▶ _Provided data_:
╭──

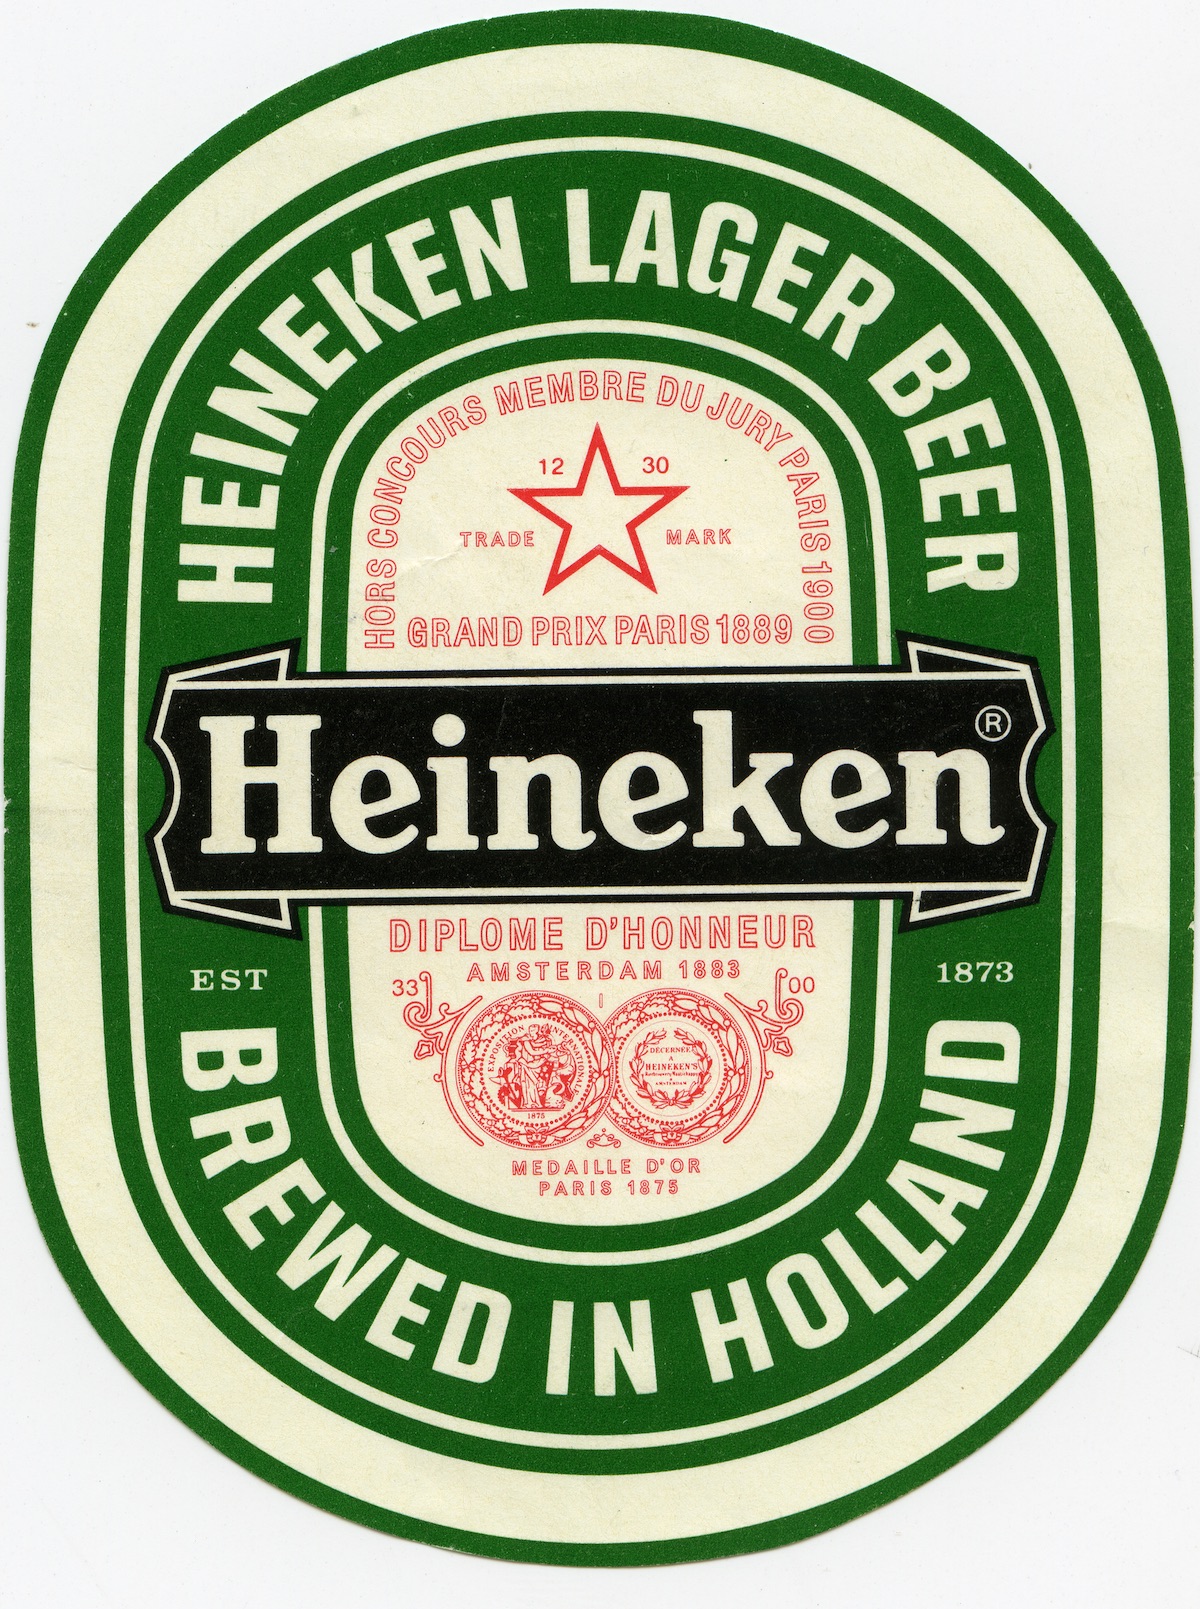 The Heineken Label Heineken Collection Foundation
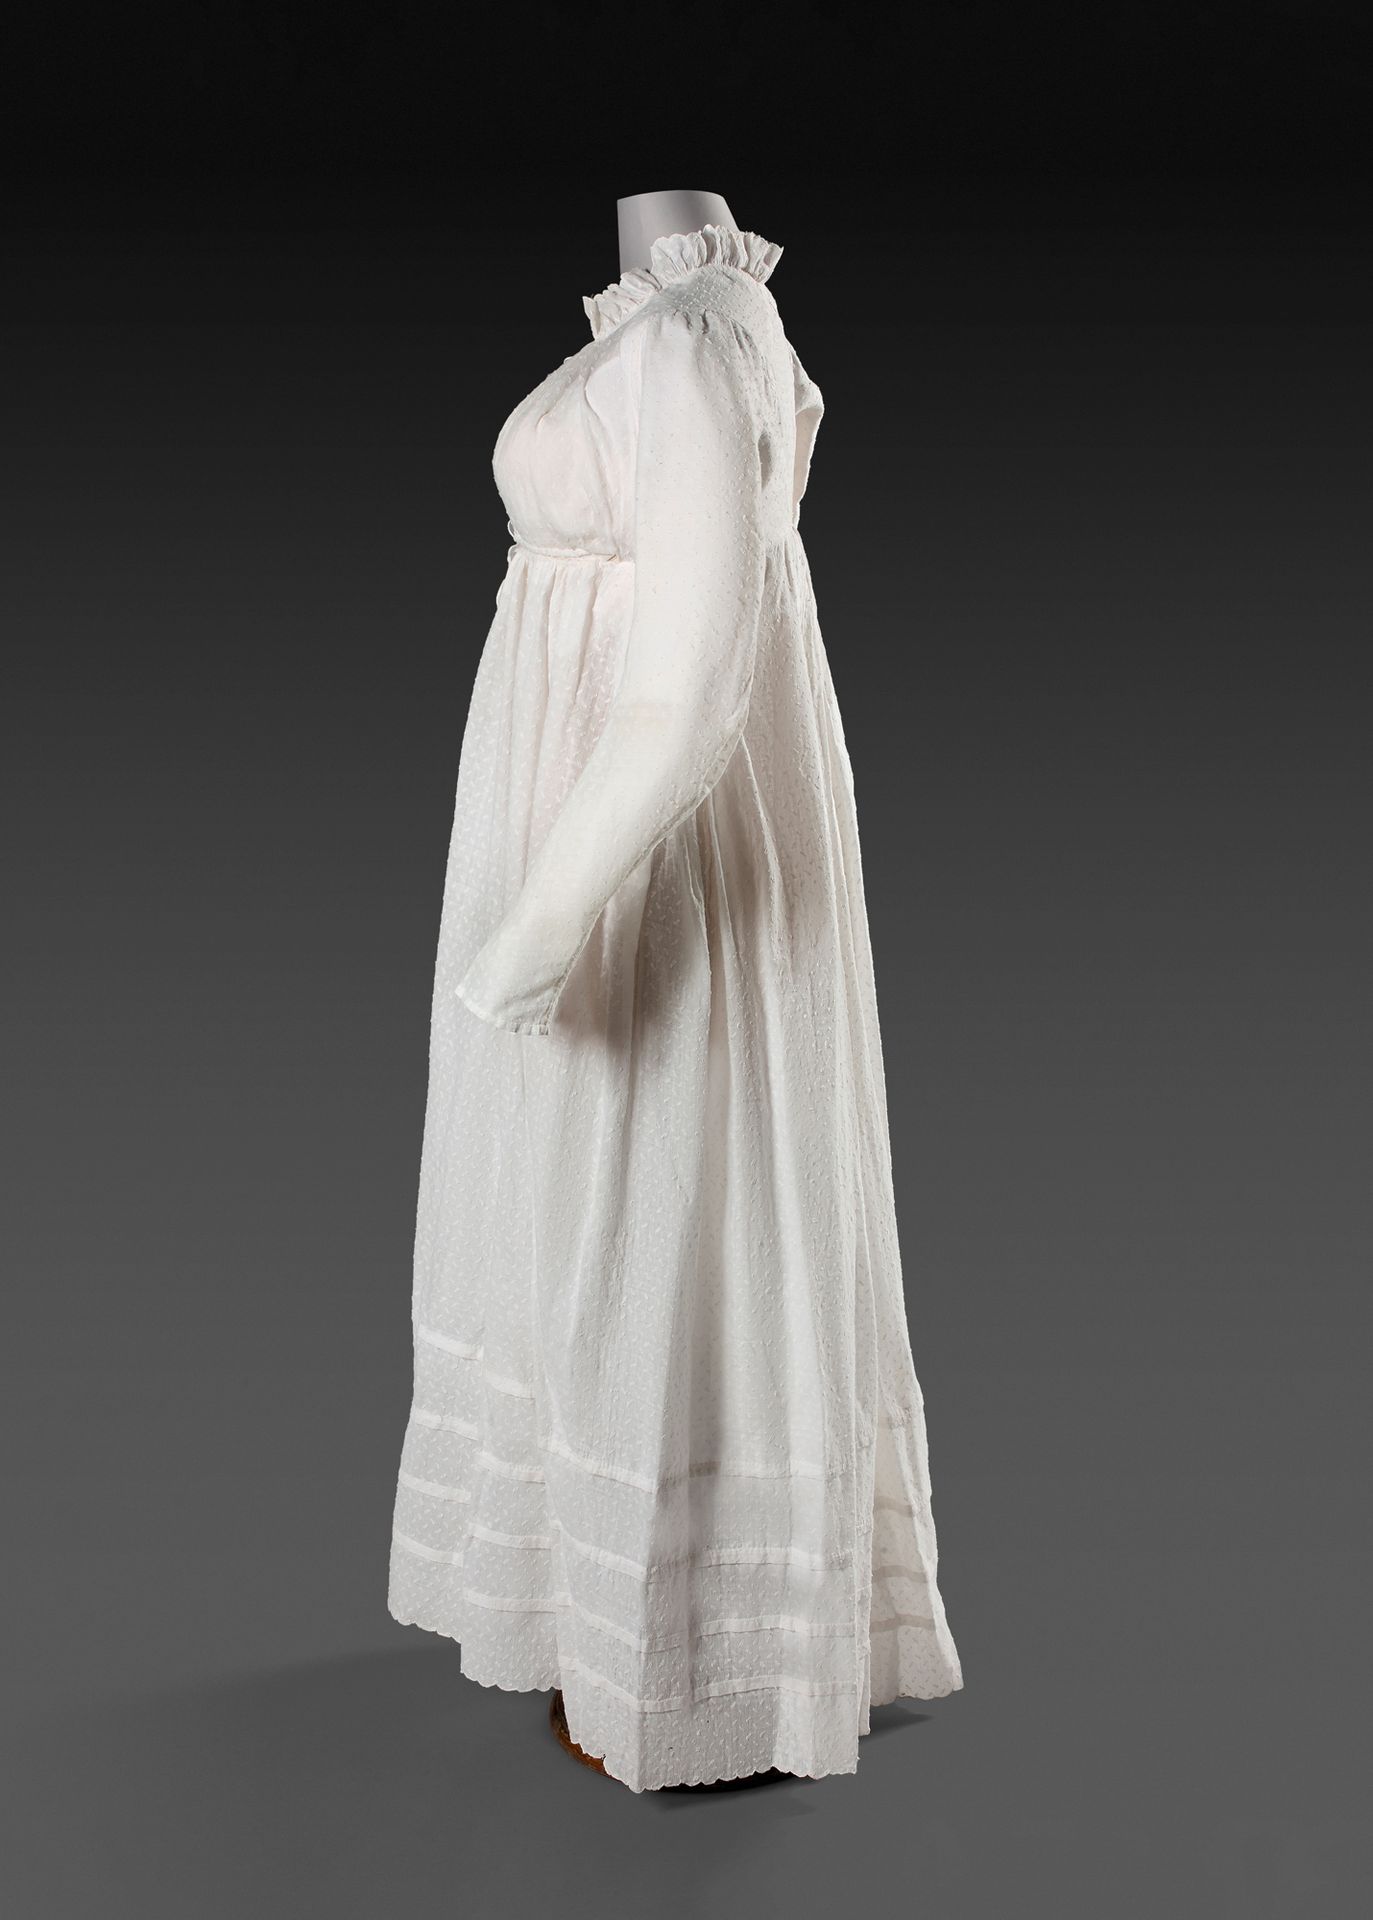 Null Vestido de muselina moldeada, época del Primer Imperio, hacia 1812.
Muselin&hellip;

╰──

▶ _What the exercise asks_: Restate the listing word for word. Pictures do not belong in the copy.

▶ _Answer area_:
 The Heineken Label Heineken Collection Foundation
 Null Vestido de muselina moldeada, época del Primer Imperio, hacia 1812.
Muselin&hellip;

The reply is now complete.